A carrot or a stick

Mr. Lynch leading Danny-Boy. Photo by David Lansing.

That Danny-Boy is a clever horse, says Mr. Lynch. We have been stopped in the middle of the road for a good fifteen minutes waiting for Danny to continue on. All our cajoling has been for naught. Even when Mr. Lynch got off the caravan and tried to pull Danny forward with the bridle the horse wouldn’t budge. So Mr. Lynch climbed back atop the caravan and we just sat there, waiting.

The thing is we had decided to take a different route back to Ann Gardiner’s farm and Danny didn’t like it. This is not the way you go, he would have said if he were more like Mr. Ed and less like Mr. Danny. I know the way and you don’t and I won’t be going this way. Go on your own if you want, but I won’t be joining you.

The spot Danny chose to stop was in front of a country house where two young children were playing in the yard while a couple of dogs ran around yapping and the mudder hung laundry on the line. One of the little ones, a girl about six or seven, came over and leaned against the fence. What’s the matter with your horse? she asked. There’s nothing wrong with him, I said, more than a bit embarrassed. He just doesn’t want to move forward. The little girl turned around and yelled, The man’s horse won’t move, Mummy.

The woman put down her basket of laundry and came over to the fence. Her son, who looked a bit younger than the girl, came over as well. Do you want me to help you move him? she asked.

I’ll tell you, it’s a very embarrassing thing to be sitting up high on a gypsy caravan with the reins in your hand and a big brute of a beast like Danny-Boy in front of you and you can’t make him move so a woman doing laundry has to interrupt her day to give you a hand.

That would be very nice of you, I said.

The woman went back to the house and came out holding a couple of carrots.
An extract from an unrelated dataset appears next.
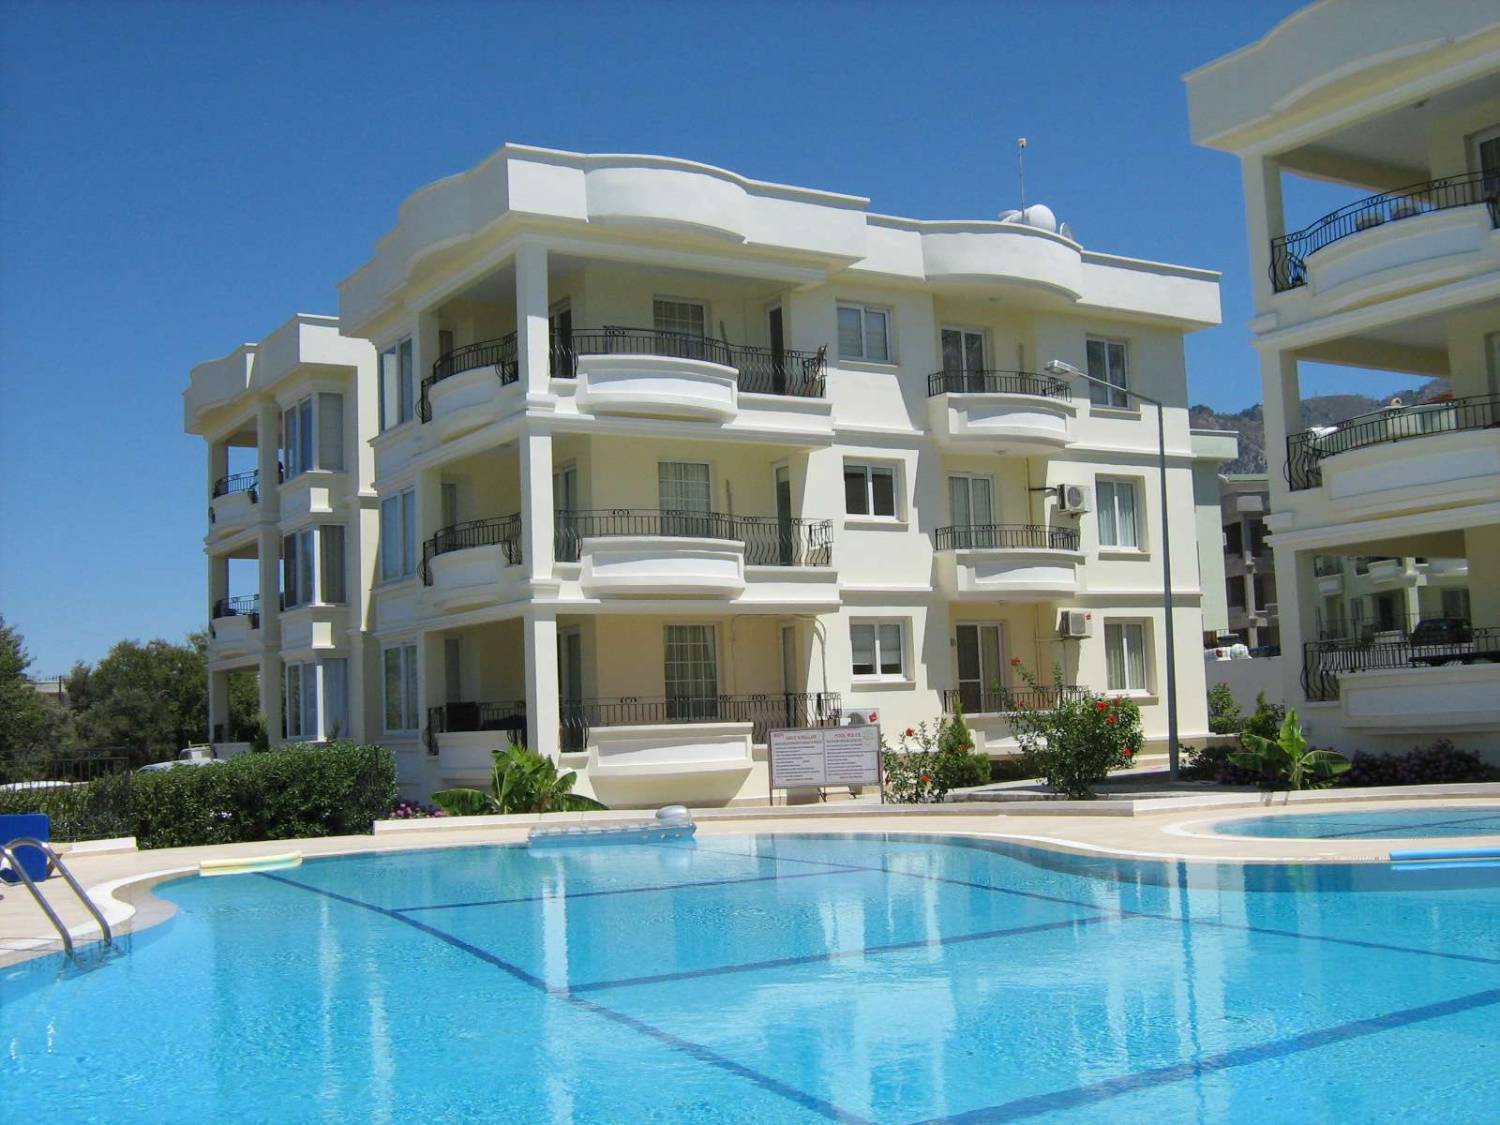 Стоимость недвижимости на Кипре растет, несмотря на мировой кризис

She crossed under the fence and went up to Danny and talked to him in a low voice while stroking his neck. He seemed to quite like it (of course, if she’d climbed up on the gypsy caravan and talked to me in a bedroom voice while stroking my neck I probably would have liked it as well). Then she held out one of the carrots in front of Danny and made a little clicking noise. Danny immediately began to move. She grabbed his bridle and walked up the lane with us a bit, her two children giggling and squealing as they danced alongside the caravan.
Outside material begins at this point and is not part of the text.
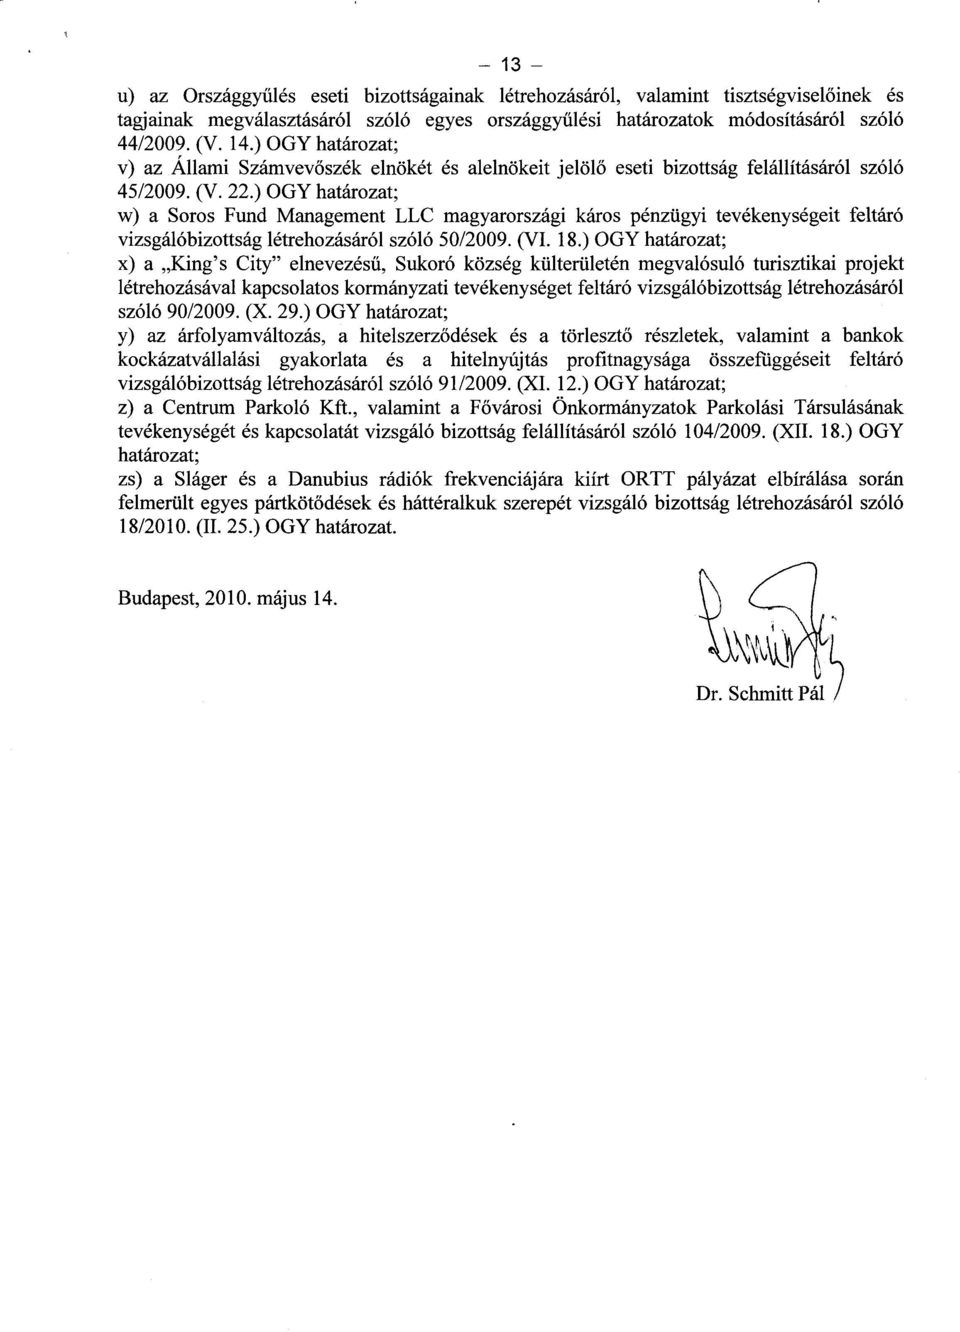 ) OGY határozat; w) a Soros Fund Management LLC magyarországi káros pénzügyi tevékenységeit feltáró vizsgálóbizottság létrehozásáról szóló 50/2009. (VI. 18.

When we got to the top of the rise she said, Do you think you can handle him now?

I think so, I said. Thanks very much.

Oh, it’s no bother, said the woman. You’re not the first to come by driving a caravan that had no clue how to make a horse do what a horse is supposed to do.

I suppose not, I said. She gave us a wave and then, grabbing the hands of her children, ran down the hill back towards the home. Not a minute later, Danny stopped dead in the road again. Fortunately, this time we were out of sight of the woman and her children. Mr. Lynch climbed down with his walking stick. Look here, he said sternly to Danny, holding up the staff. We know you don’t like going this way but we don’t really care. We’re not turning around and going on the other road. So you might as well get used to it. Otherwise it will be a long day for all of us.

And with that, Danny started up again.

Well done, I said to Mr. Lynch when he climbed back up on the caravan.

Well, said Mr. Lynch, quite pleased with himself, sometimes you use the carrot and sometimes you use the stick.